In January, the MRFF broke the story on the Pentagon's Jesus Rifles, where rifle scopes used in Afghanistan and Iraq were embossed with New Testament verses. In April, he got the military to rescind its invitation to the Reverend Franklin Graham to speak at May's National Prayer Day because of Islamophobic remarks. Most shockingly, MRFF received its second nomination for the Nobel Peace Prize in late October. These high-profile victories have earned him the enmity of the hardcore Christian Right and the mentally unstable. And the crazies are getting crazier. Weinstein and his family are bombarded with hate mail, from the grammatically incorrect and easy to dismiss -- "I hope all your kids turn out gay as hell, take it in the ass, and get aids and die!!!!" -- to the kind of threats that immediately make you leap out of your chair and double-check that the doors and windows are locked. (MRFF has referred multiple death threats on Mikey, his family, and MRFF employees to the FBI.)

Unlike Gandhi, Mikey's no pacifist. Aggression rises up in his voice like a white shark's fin breaks the waves. In a recent conversation, Mikey bragged how a punk wouldn't shut up in a movie. When a confrontation ensued and the man took a wild swing, Mikey put him down. None of this is surprising. Weinstein boxed during his Air Force days, his face marked by a strong jawline sitting below a bald head on top of a stocky body -- a cross between Rocky Marciano and Butter Bean. Simply put: Mikey Weinstein can be a brute and a zealot. He knows this and admits it freely. But he believes it's the only position a reasonable person can take when confronted with a faction dedicated to mutating the U.S. military into "a weaponized Gospel of Jesus Christ."

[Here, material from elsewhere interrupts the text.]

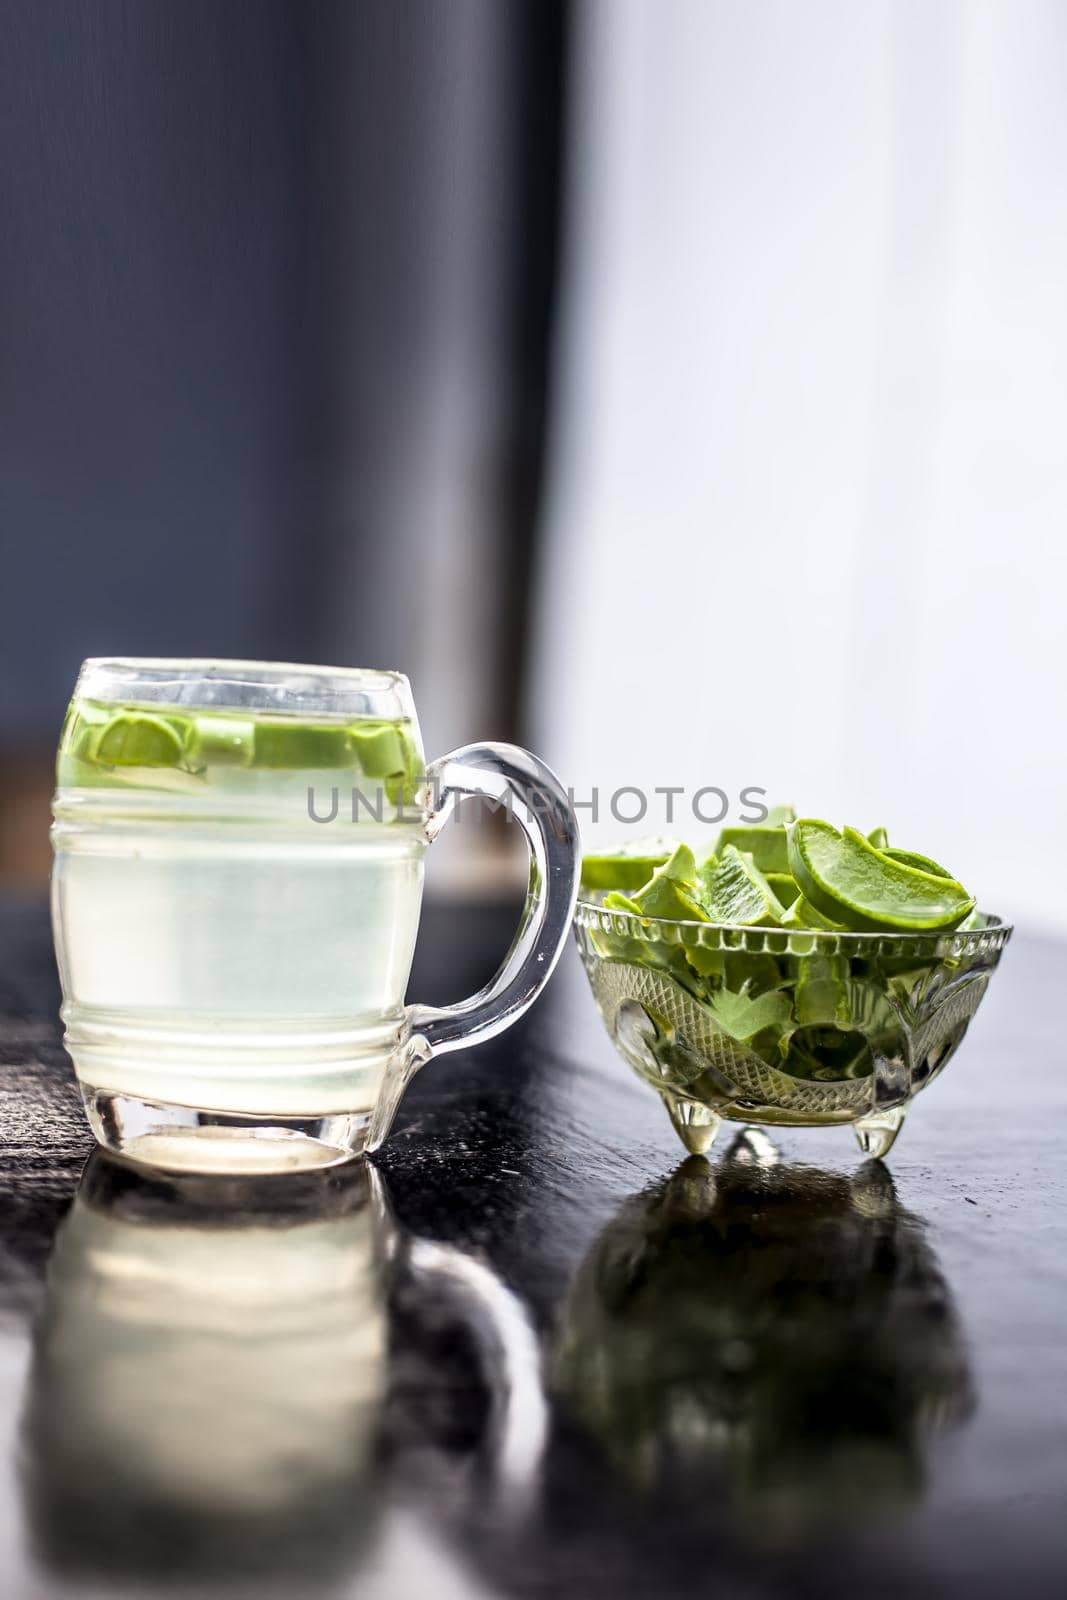 Close up of glass mug on wooden surface containing aloe vera detox drink in along with its entire raw ingredients with it. Vertical shot with blurred background. by mirzamlk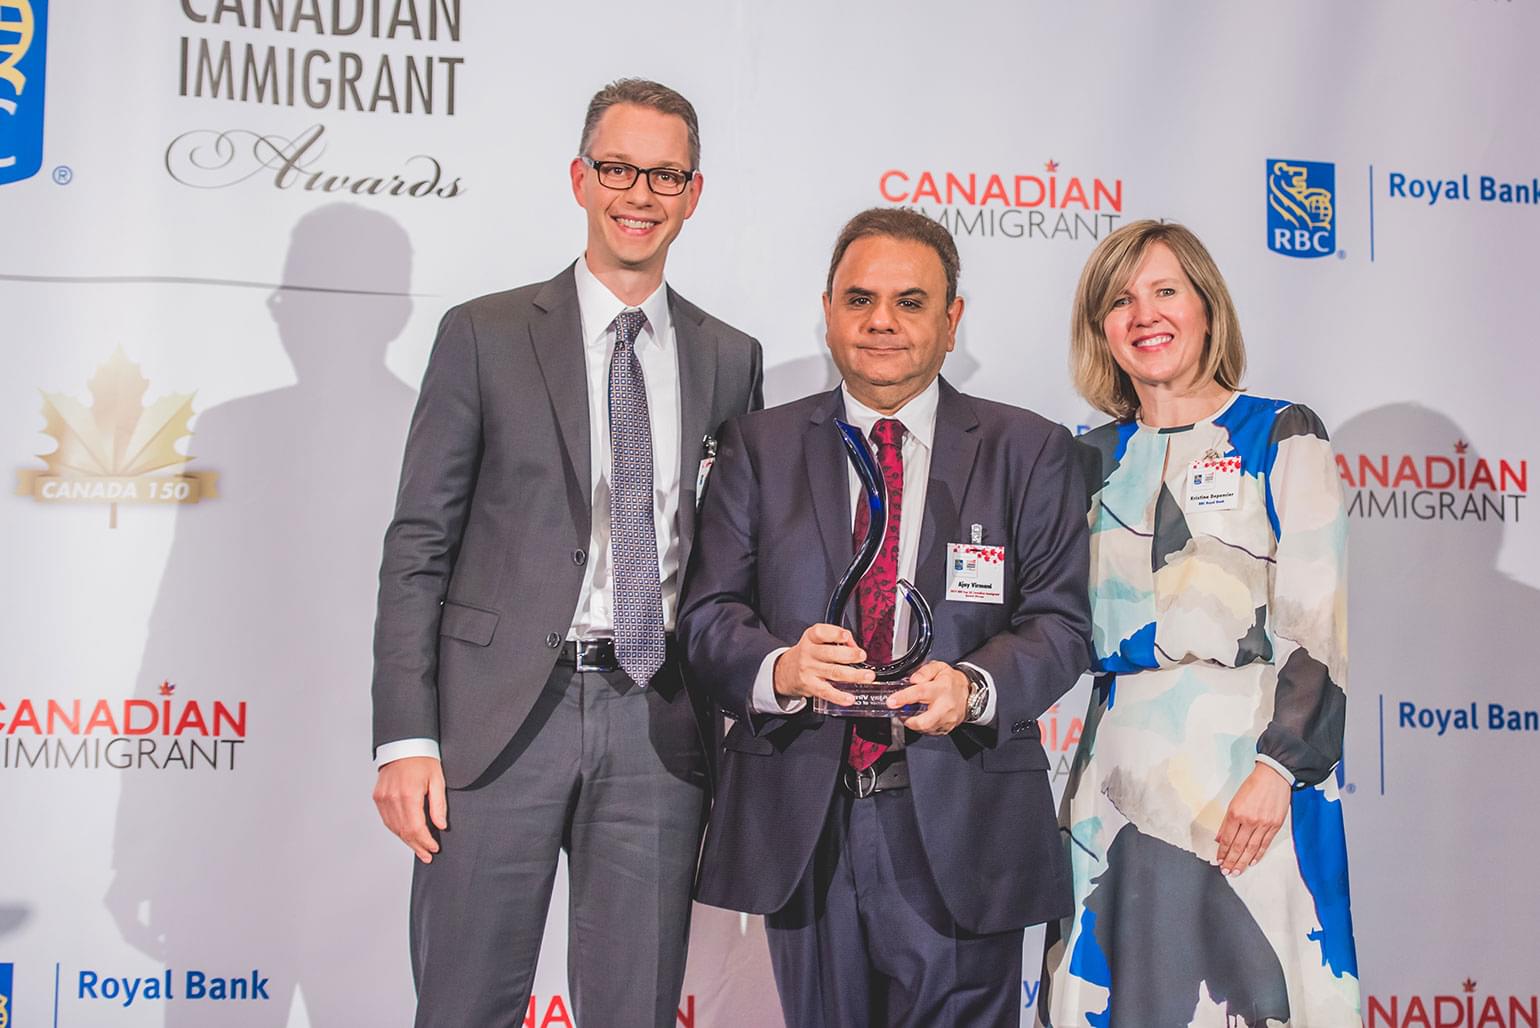 Ajay was recently recognized as a winner in the annual RBC Top 25 Canadian Immigrant Awards – an award that celebrates the outstanding accomplishments made by Canadian newcomers.

But for all of his rhetorical excesses and bravado, Weinstein's fight is simple and correct. The United States military cannot favor one religious sect over another, staying true to the Constitution's establishment clause that service members pledge to defend. More pragmatically, the military cannot favor one religious sect over another because it's destructive of good order and discipline, creating divisions between service members when they must rely on the guy next to them to survive in a firefight. Yet inside the U.S. military a small, determined, and fanatical clique wants to abuse its power and prosetlyze to service members below them in the chain of command. Through this captive market, they can inject their peculiar ideology into the most powerful institution on earth. As Weinstein likes to say, this isn't just a civil rights issue, it's a national security threat of the gravest magnitude. The description sounds hyberbolic, but according to Weinstein there's a pervasive Christian supremacist milieu inside the U.S. military that's a danger not only to constitutional order, but to the American wars in Afghanistan and Iraq. What's ironic about Mikey's fight is that he never thought about becoming "a civil rights activist." He discovered his calling by rising up like a grizzly bear for his son.

The Academy

The Weinstein family is an Air Force family. After graduating from the Naval Academy in 1953, Mikey's father switched to the Air Force to pursue new opportunities in a new service. Mikey followed in his footsteps, as did his two sons, Casey and Curtis. Casey, the oldest, even met his wife Amanda at the Air Force Academy while they were cadets there. Mikey's daughter Amber dates an Academy graduate -- 2nd Lt. Mack Delgado, a Christian with a cross tattooed on his chest, a detail Mikey points out every time his name's brought up. It's a family whose life orbits around the Academy, although that gravitational pull has slipped.